- Try it -
Reproduce, exactly, the lines of the material below from the line containing "Vervet monkeys thrive" through the line containing "bonnet bleu pompon fourrure", with both end lines included and nothing else.

- Record excerpts -
# # #

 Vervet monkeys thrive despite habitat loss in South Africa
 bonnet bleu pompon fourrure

# # #

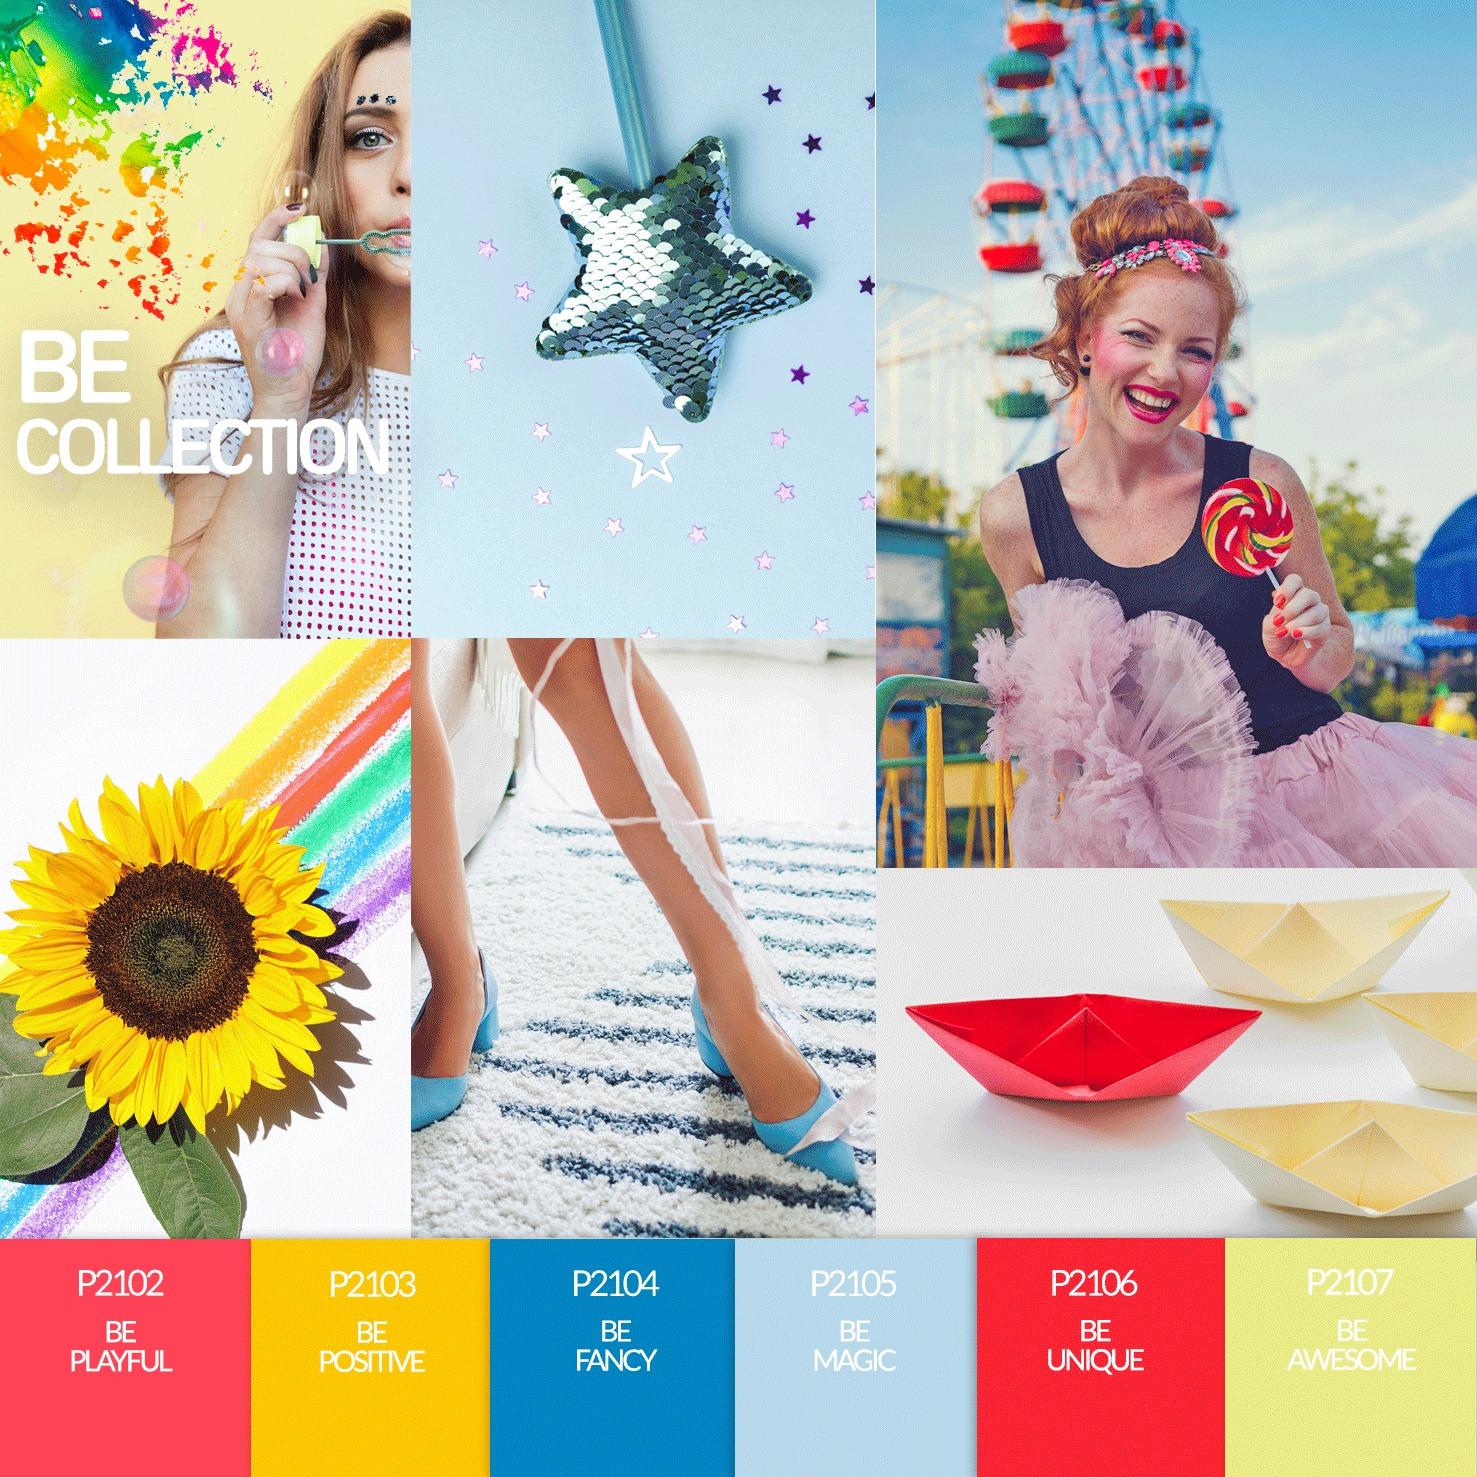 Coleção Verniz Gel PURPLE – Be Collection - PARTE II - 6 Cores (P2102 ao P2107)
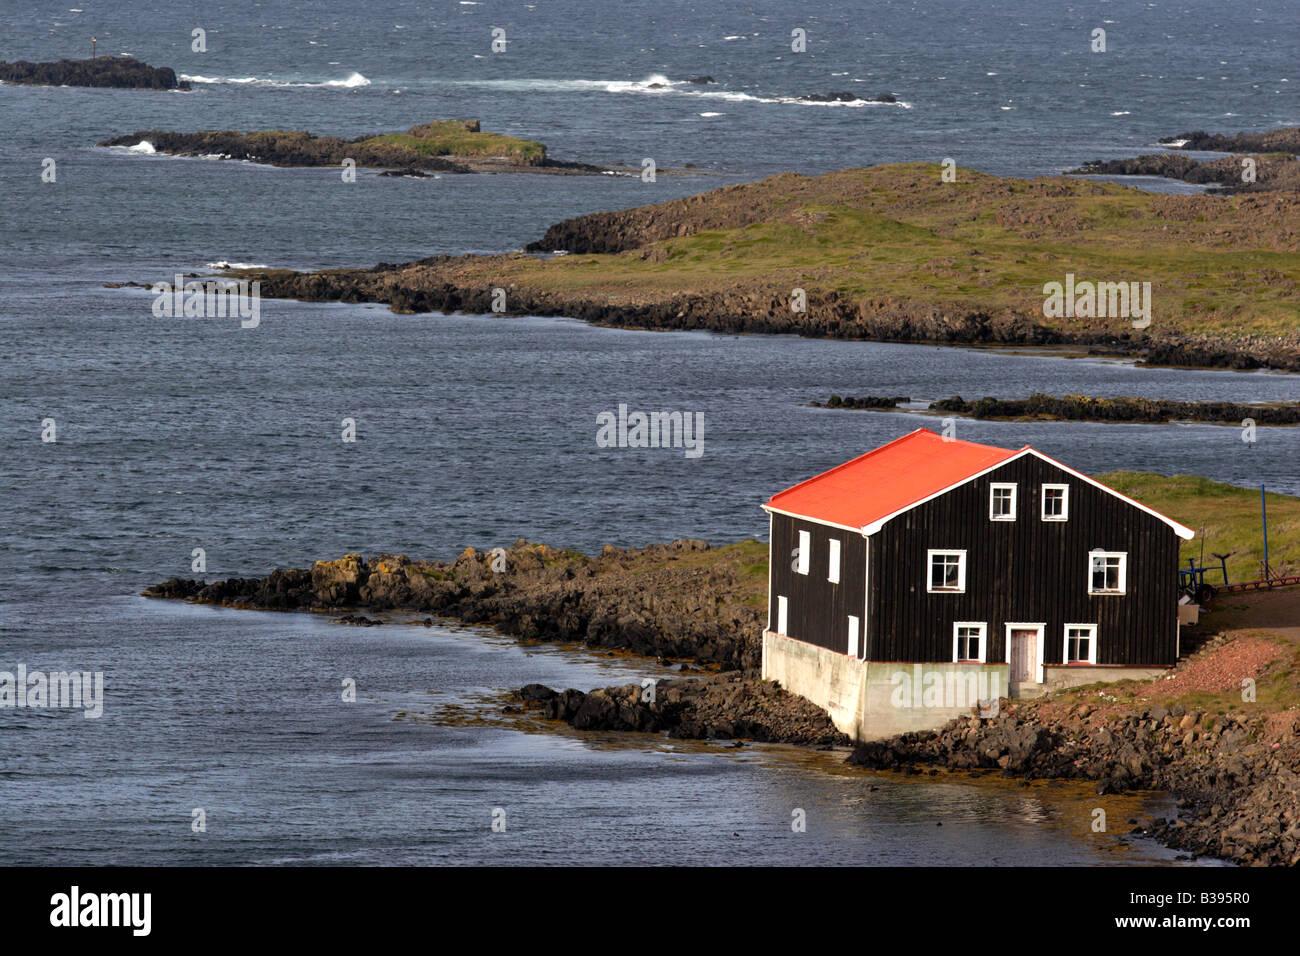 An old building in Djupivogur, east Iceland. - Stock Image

# # #

- The answer -
 Vervet monkeys thrive despite habitat loss in South Africa
 bonnet bleu pompon fourrure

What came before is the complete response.